Reconstructed image slices simulated with 1 mGy dose for (a) breast model 1 with PML reconstruction (left) and FBP (right) (b) breast model 2 with PML reconstruction (left) and FBP (right) (c) breast model 3 with PML reconstruction (left) and FBP (right).
An LROC analysis was used for comparing the performance of the two reconstruction techniques. The figure of merit used to assess performance was the area under the LROC curve (AL). Each LROC study consisted of the observer first reading a set of training images with feedback, followed by the study images. The observer's task was to localize the abnormality within the displayed image and give a confidence rating for each image. Four confidence ratings were used; 1) high confidence lesion present, 2) low confidence lesion present, 3) low confidence lesion absent and 4) high confidence lesion absent. If for a given displayed image, the observer was confident that there was no abnormality present, they were instructed to click on an arbitrary location within the image and select rating 4. If the observer suspected an abnormality at a certain location, they were instructed to click on the center of the abnormality and choose one of the three ratings from 1, 2 or 3. Each study set consisted on 96 study images and 20 training images. Four medical physicist observers participated in each of these study sessions. Before conducting each reading session, each observer was required to undergo training in reading images for the method to be evaluated. During this training session, feedback was provided to the reader after each selection. Immediately after the training session was completed, the comparison study was performed. The observer confidence rating and the suspected MCC location were recorded for all the images displayed. Swensson's method [46] was used to fit the data and obtain the area under the LROC curve using Swensson's software.

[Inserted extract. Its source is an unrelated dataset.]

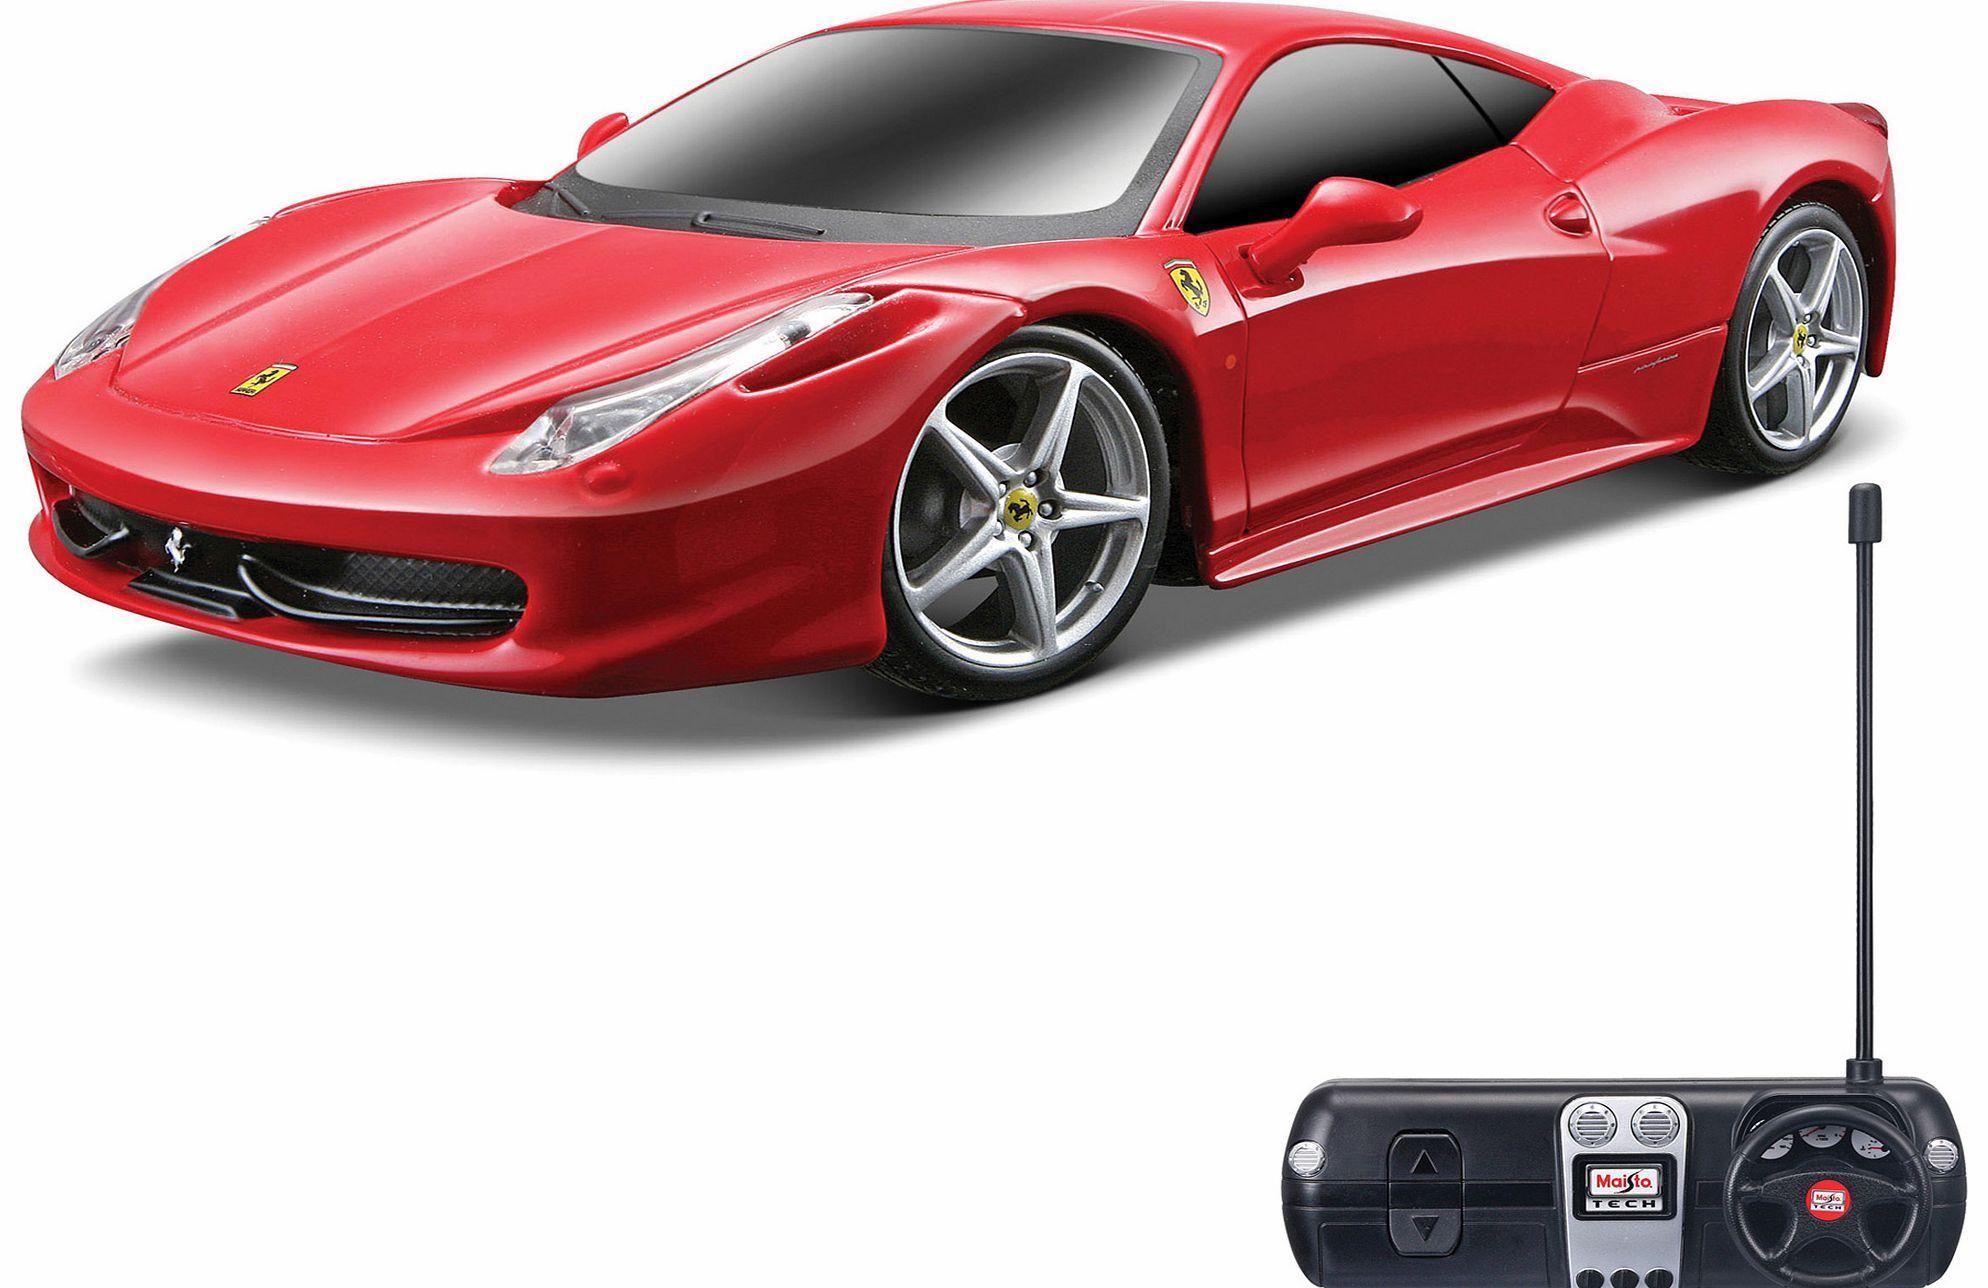 b0a1537ac4a3c1b1b4c430a93ad14ee9 Fabulous Ferrari Mondial 8 Super Elite Cars Trend

A two-way Analysis of Variance (ANOVA) [47] study was performed to estimate the statistical significance of the differences in techniques and also to estimate the statistical significance in the performance difference between the four observers.
3. RESULTS
This study compared MC detection accuracy obtained with two reconstruction methods; 1) a statistical iterative reconstruction method, using a penalized maximum likelihood objective function and 2) a more conventional filtered backprojection method. For each acquisition dose of 1.5 mGy, 1.0 mGy and 0.7 mGy, separate LROC studies were conducted to estimate the performance of MC detectability with both reconstruction strategies. Fig. 7 shows the LROC curve averaged over the four observers for both PML and FBP techniques shown for dose levels of 1.5 mGy (Fig. 7a), 1.0 mGy (Fig. 7b) and 0.7 mGy (Fig. 7c).
Fig. 7.
Comparing the average LROC curves for all four observers for PML (dashed) vs FBP(solid) for (a) 1.5 mGy acquisition (b) 1 mGy acquisition and (c) 0.7 mGy acquisition.
In all of these cases the sensitivity and specificity obtained using the PML technique was higher than that using FBP. Table 1 lists the average area under the LROC curve for the four observers for all three dose levels. The average area under the LROC curve for the dose of 1.5 mGy was 1.0 ± 0.00 for PML and 0.9 ± 0.014 for FBP, for the dose of 1.0 mGy it was 0.93 ± 0.05 for PML and 0.7 ± 0.07 or FBP and for the dose of 0.7 mGy it was 0.69 ± 0.06 for PML and 0.43 ± 0.04 for FBP. The uncertainties represent the standard deviation in observer performance. A two way ANOVA found statistically significant difference (at a significance level of 0.05) between the two reconstruction strategies for all three imaging dose levels with a p value = 0.0007 for the dose of 1.5 mGy, p= 0.014 for the dose level of 1.0 mGy and p=0.028 for the dose level of 0.7 mGy. There was no statistically significant difference (at a significance level of 0.05) in observer performance for each study with a p value = 0.5 for the dose of 1.5 mGy, p=0.48 for the dose of 1.0 mGy, p=0.7 for the dose of 0.7 mGy.
Table 1.
AL for PML | AL for FBP | |
---|---|---|
1.5 mGy acquisition | 1.0 ± 0.00 | 0.9 ± 0.014 |
1.0 mGy acquisition | 0.93 ± 0.05 | 0.7 ± 0.07 |
0.7 mGy acquisition | 0.69 ± 0.06 | 0.43 ± 0.04 |
4. DISCUSSIONS
The visualization of microcalcifications is important for detection of ductal carcinoma in situ (DCIS). It has been estimated that DCIS represents 30% of all breast cancer identified by screening mammography [48]. Since 30%–50% of all DCIS eventually become invasive [48], detection of DCIS is important and can contribute to a decreased breast cancer mortality rate. With conventional mammography, Feig [49] and Anderson [50] have reported that 89% and 95%, respectively, of DCIS were observed based on the presence of MCs alone. Another study [51] put the figure at 72%.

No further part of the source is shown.